What you will do: Nothing but the lines from the one containing "L'operatiu que va" to the end of the data should be copied, exactly, and the pictures stay out.

** Source data follows **

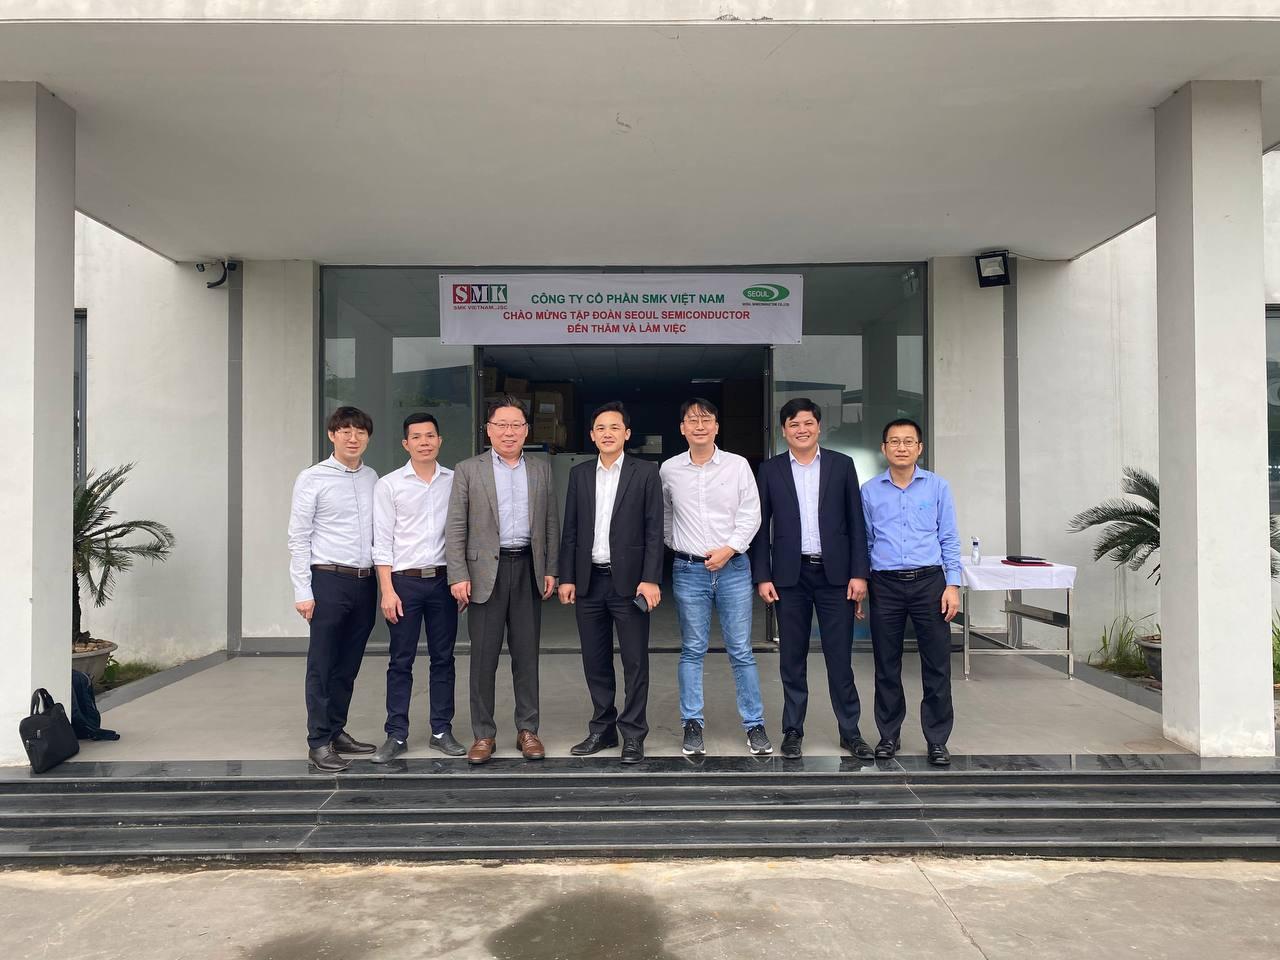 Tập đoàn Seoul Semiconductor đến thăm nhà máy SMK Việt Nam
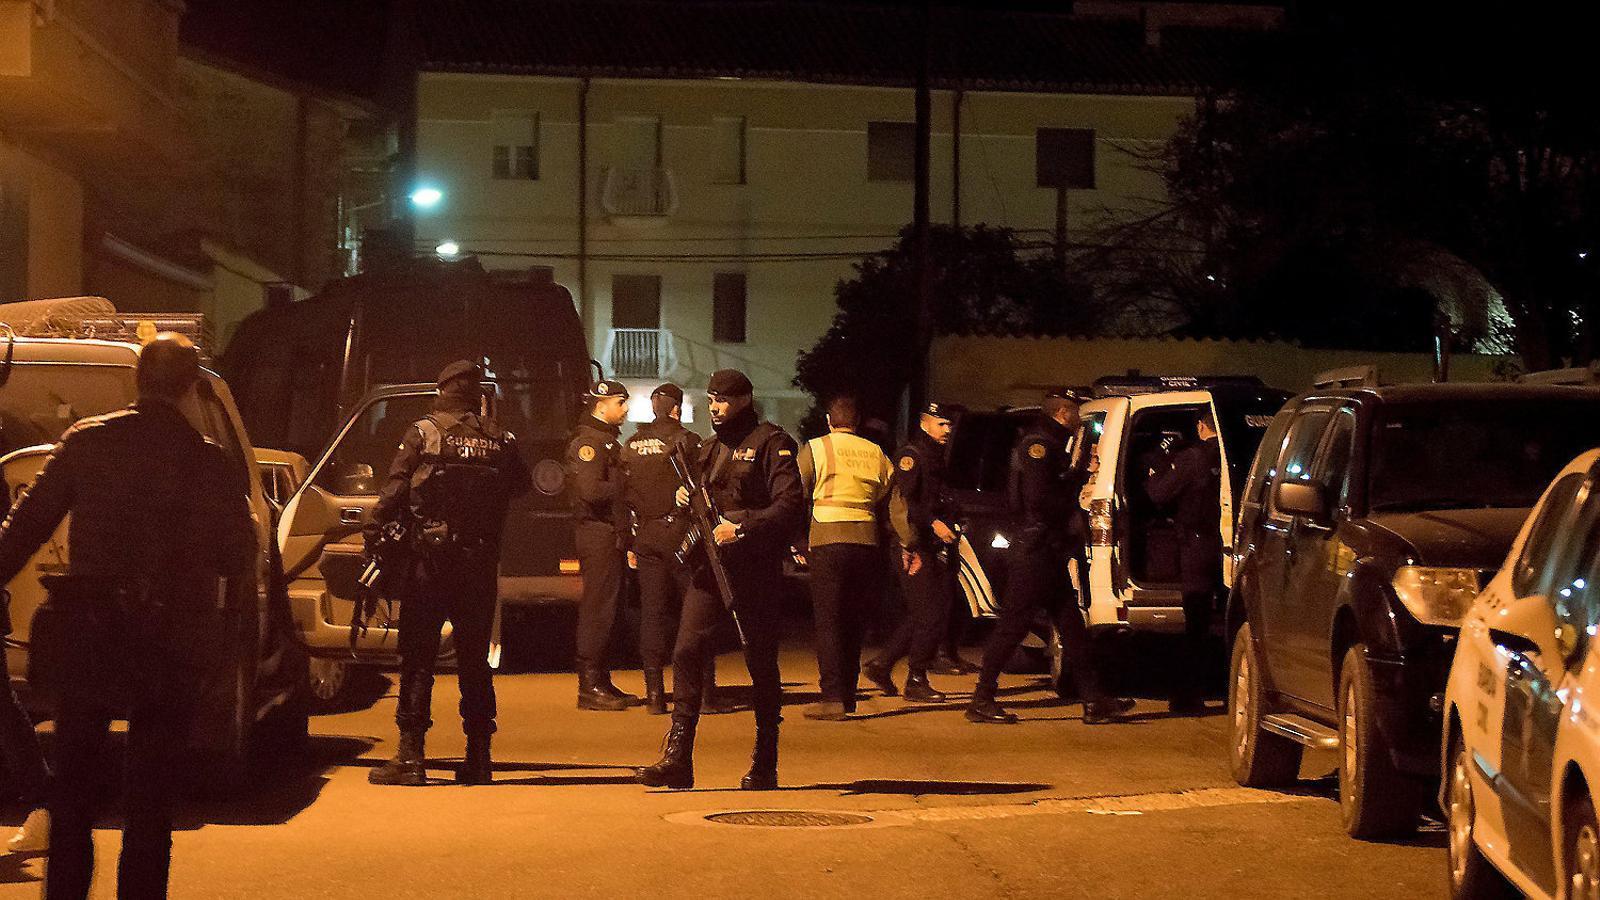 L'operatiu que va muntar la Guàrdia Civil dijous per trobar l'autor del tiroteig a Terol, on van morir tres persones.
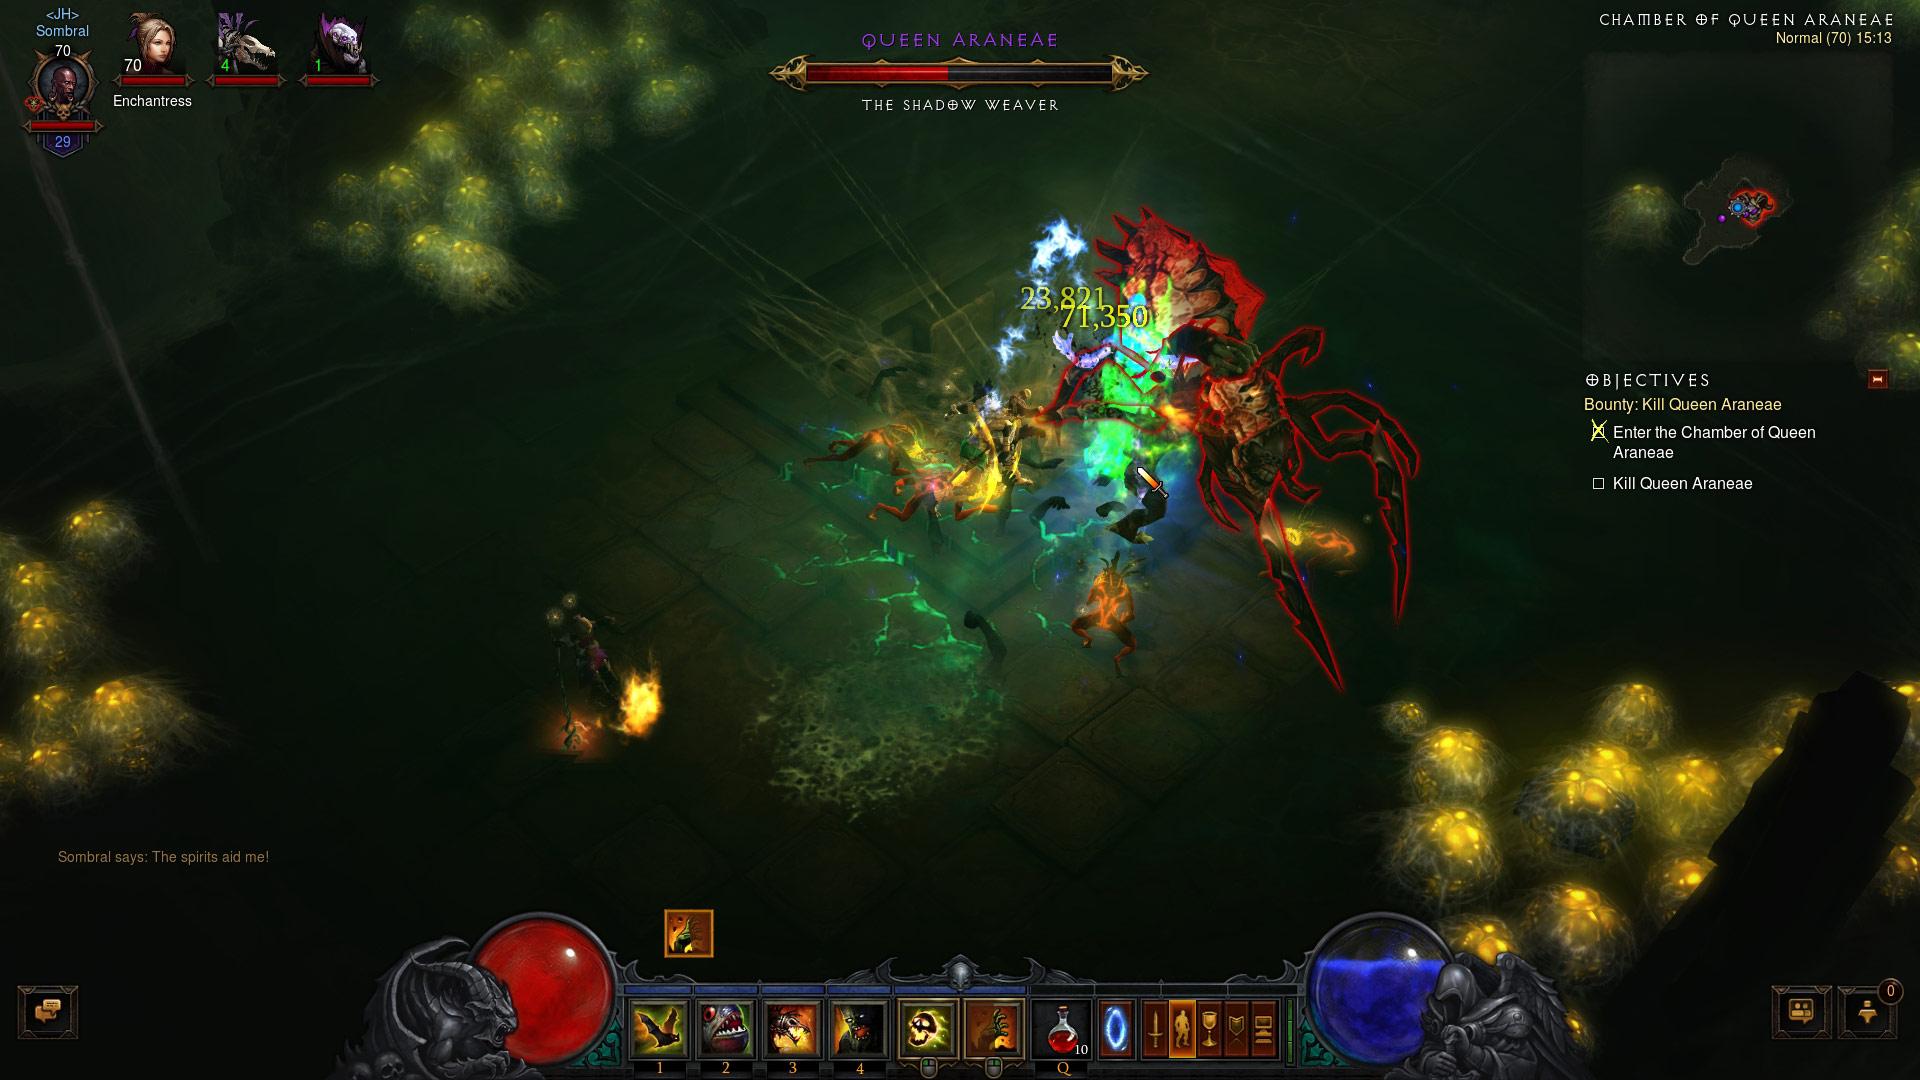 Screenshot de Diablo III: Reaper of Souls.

** End of Source data **

Response to this exercise:
 L'operatiu que va muntar la Guàrdia Civil dijous per trobar l'autor del tiroteig a Terol, on van morir tres persones.
 Screenshot de Diablo III: Reaper of Souls.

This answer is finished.